$(-4339 \cdot 8559) \text{ mod } 43$ without calculator

Question

How can one calculate $(-4339 \cdot 8559) \text{ mod } 43$ without a calculator?

I know that the solution is 8, but just because i used a calculator. What is the correct way when trying to calculate modulo with big numbers? I know Fermats little theorem, but we can't apply it here.

Answer 1

Look for large, but easy to find, multiples of 43 that are close to the numbers you have.

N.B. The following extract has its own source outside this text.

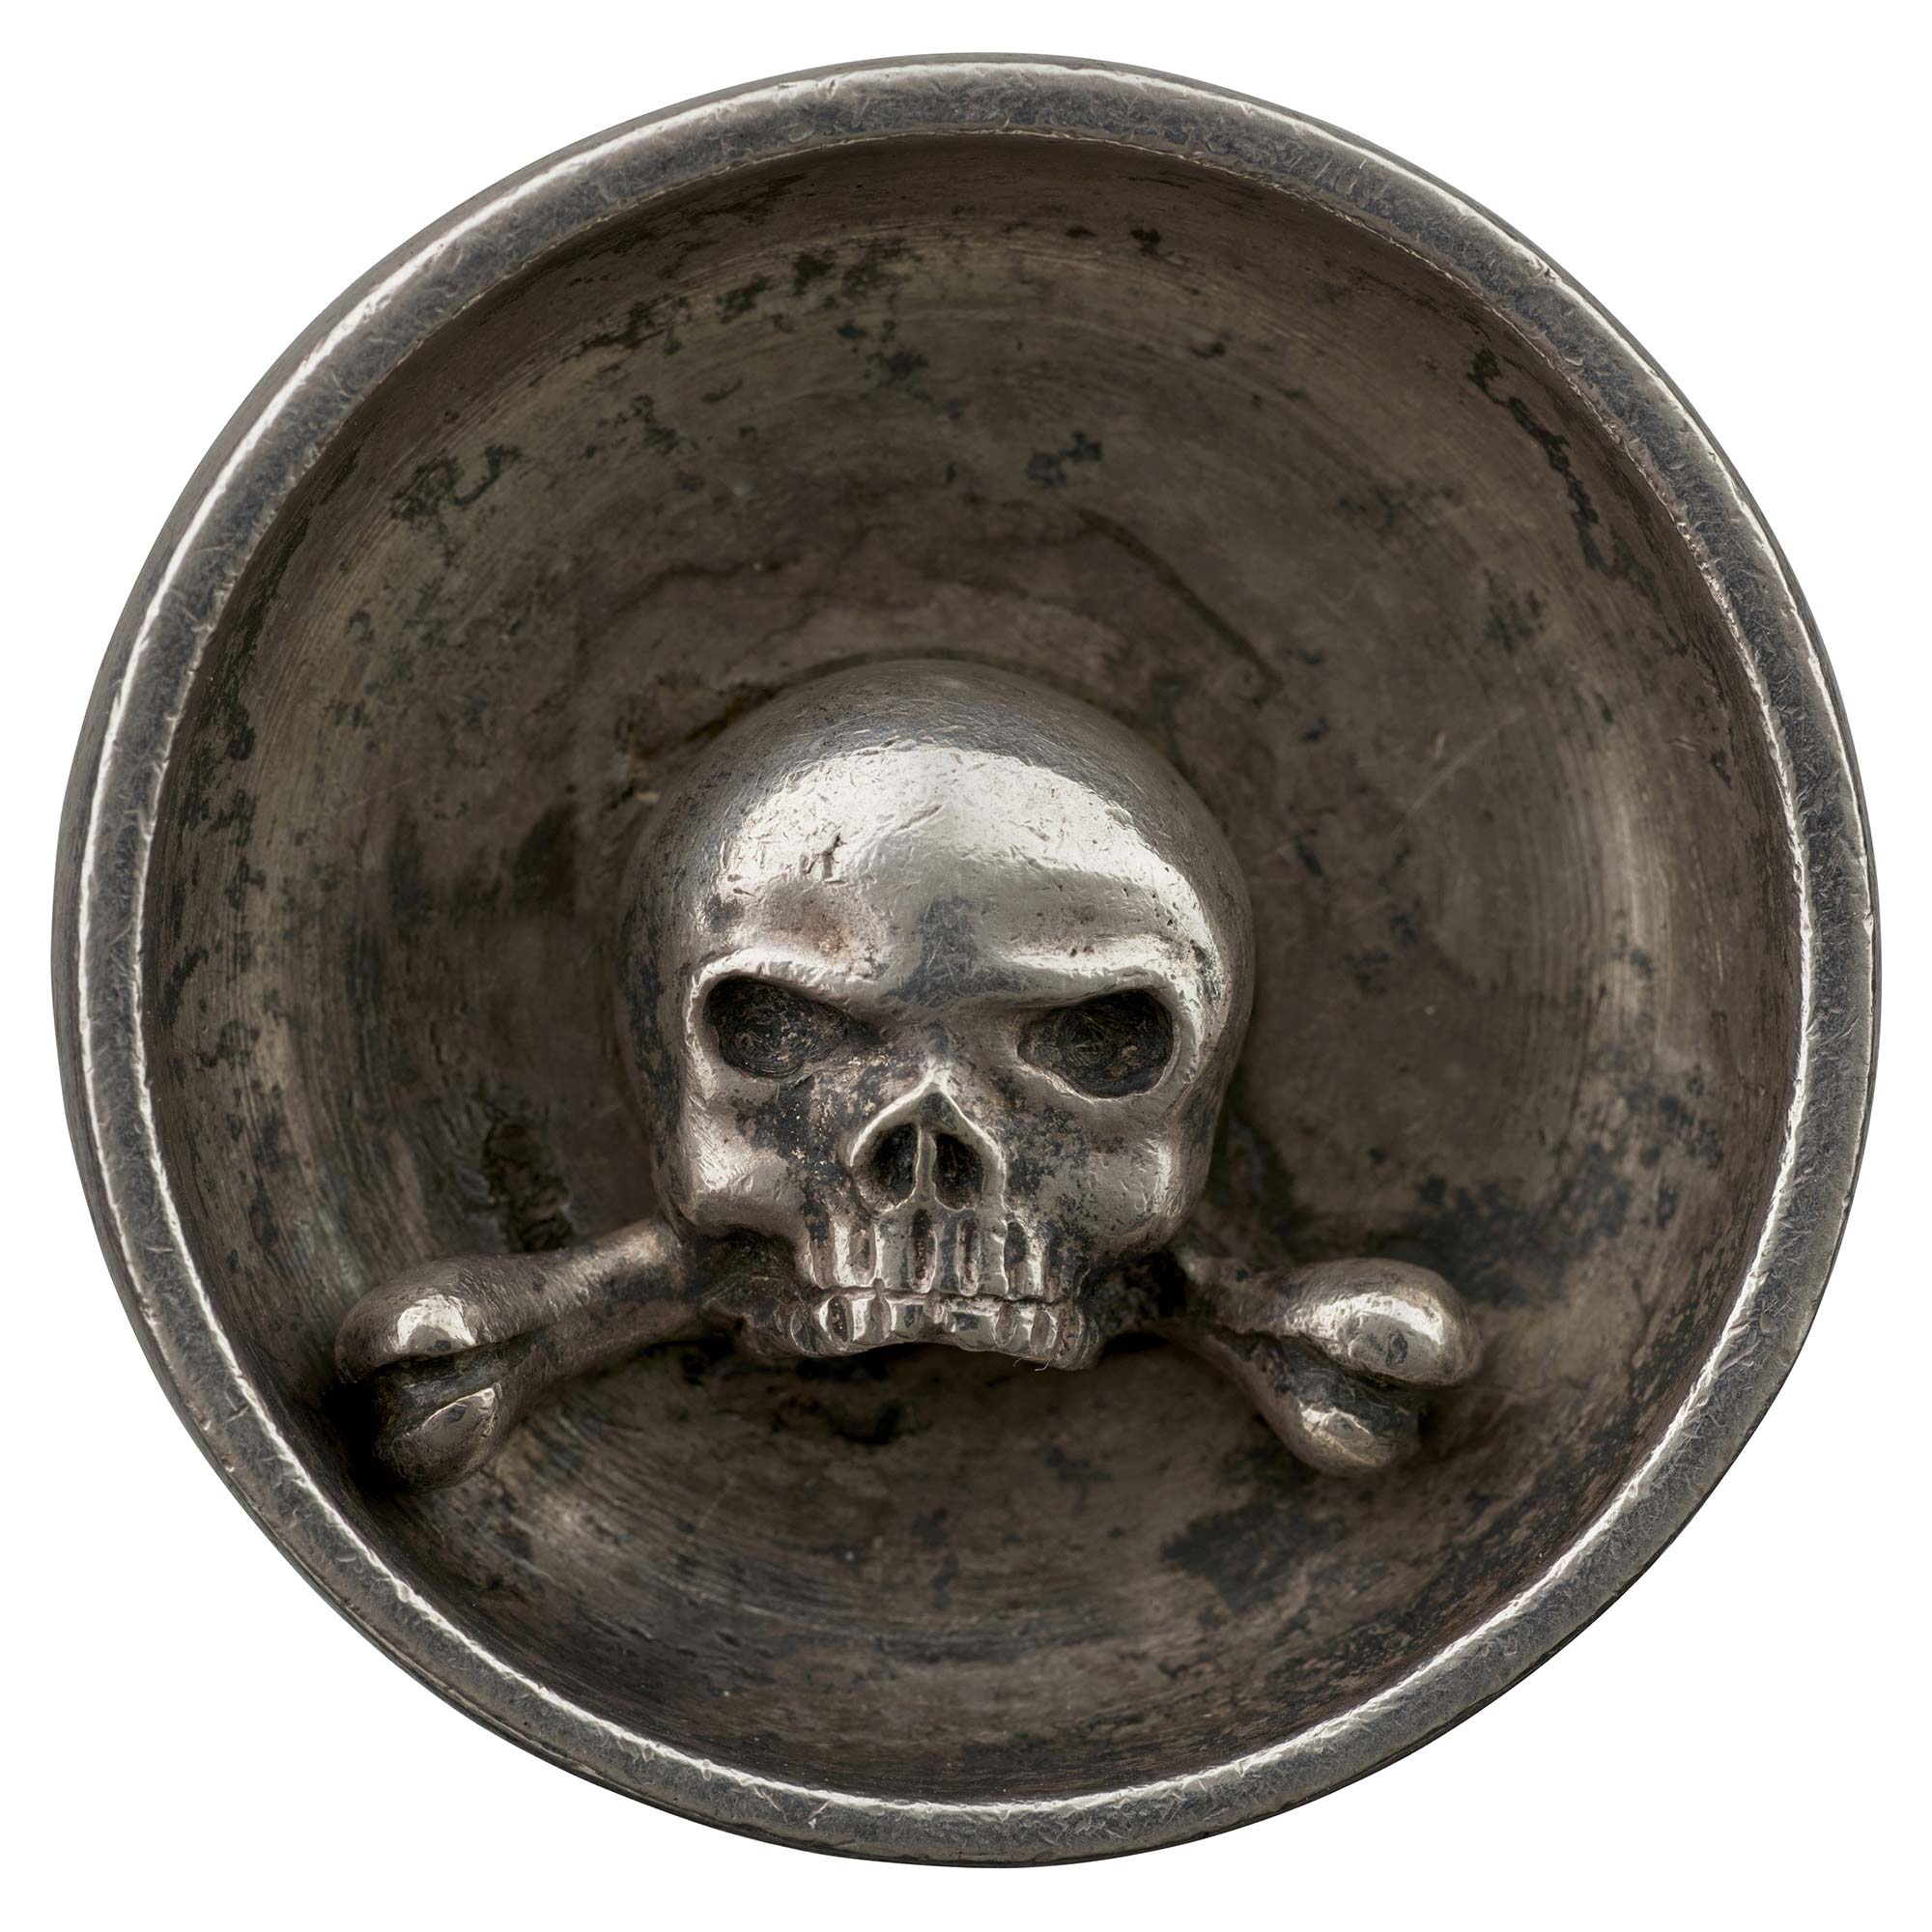 Silver medal depicting a skull and bones
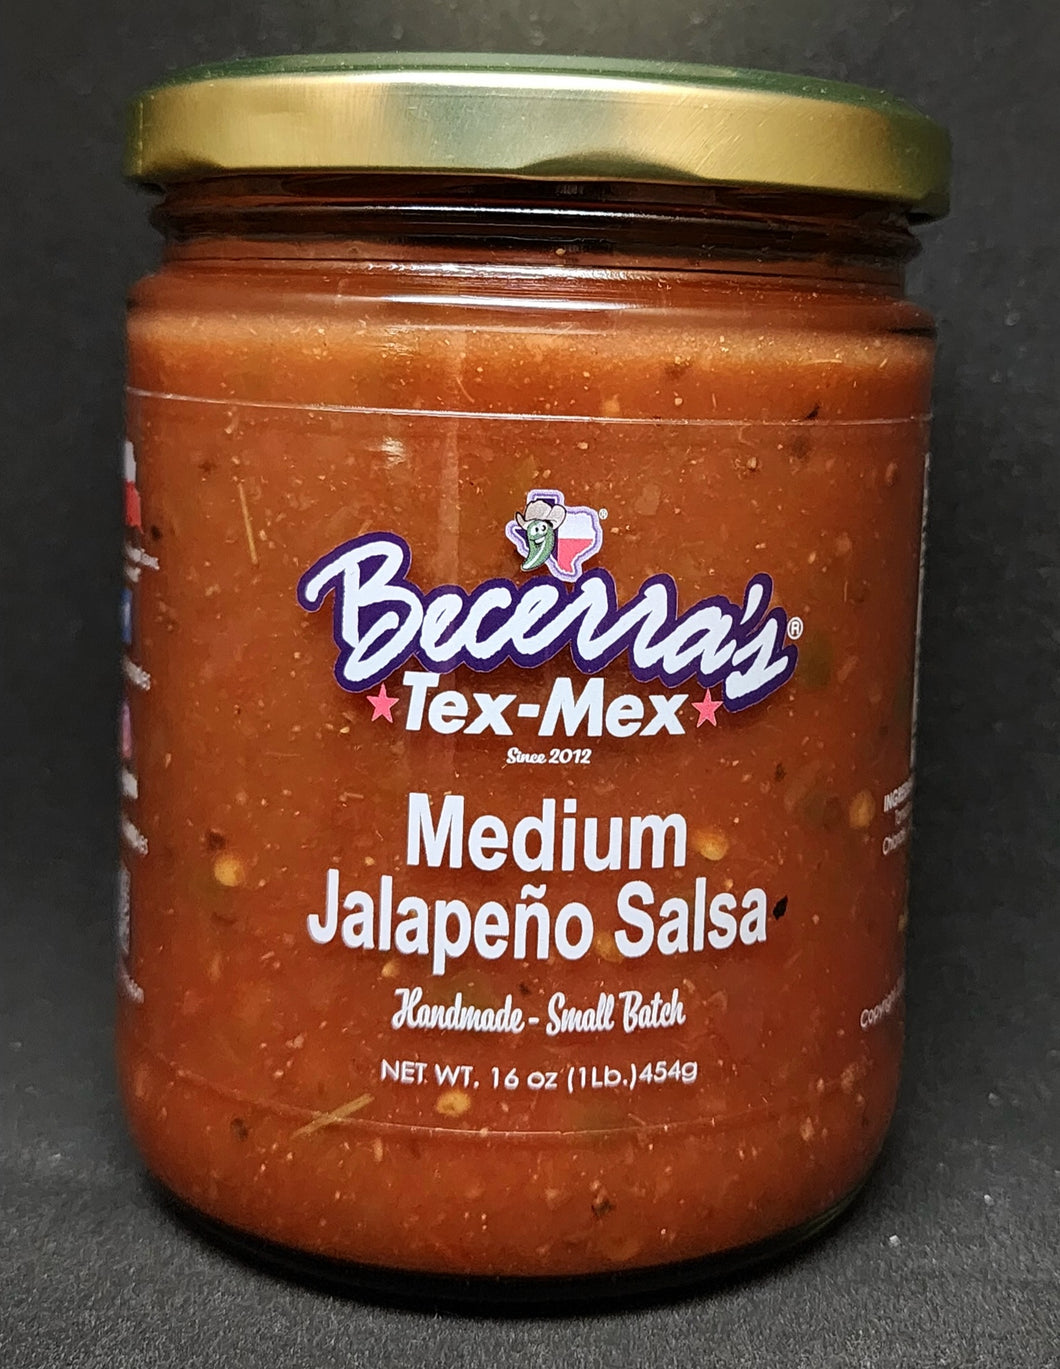 Medium Jalapeno Salsa

Then you can reduce each factor mod 43 and multiply what's left.

Answer 2

You can rewrite it as follows:

$$-4339 \times 8559 = (-101 \times43+4) (199 \times 43 + 2)\equiv 4 \times 2 \pmod{43}$$

because $4339=4343-4=101 \times 43-4$ and $8559=8600-41=200 \times 43 - 41 = 199 \times 43 + 2$

Answer 3

You have that $a\cdot b\pmod{n} \equiv ((a\mod n)\cdot (b\mod n)) \pmod n$

Answer 4

Employing $\ a,b\, :=\, a\cdot 100+b =\,$ radix $100$ notation allowing negative digits $\,a,b\,$ makes it easy

$\!\!\bmod 43\!:\ {-}4339\, = -43,\color{#c00}{-39}\, \equiv\, 0,\:\!\color{#c00}4\ $

$\qquad\qquad\ \ 85,59\, =\ \ \ 86,\color{#0a0}{-41}\, \equiv\, 0,\:\!\color{#0a0}2,\ $ by carrying $1,\,$ i.e. $\ a,b\, =\, a\!+\!1,\,b\!-\!100$

Hence we infer: $\:\! \ {-}4339\cdot 8559\, \equiv\, \color{#c00}4\cdot \color{#0a0}2\,\equiv\, 8\ \,$ by Congruence Sum & Product Rules.

Remark $ $ This is a special case of the universal divisibility test.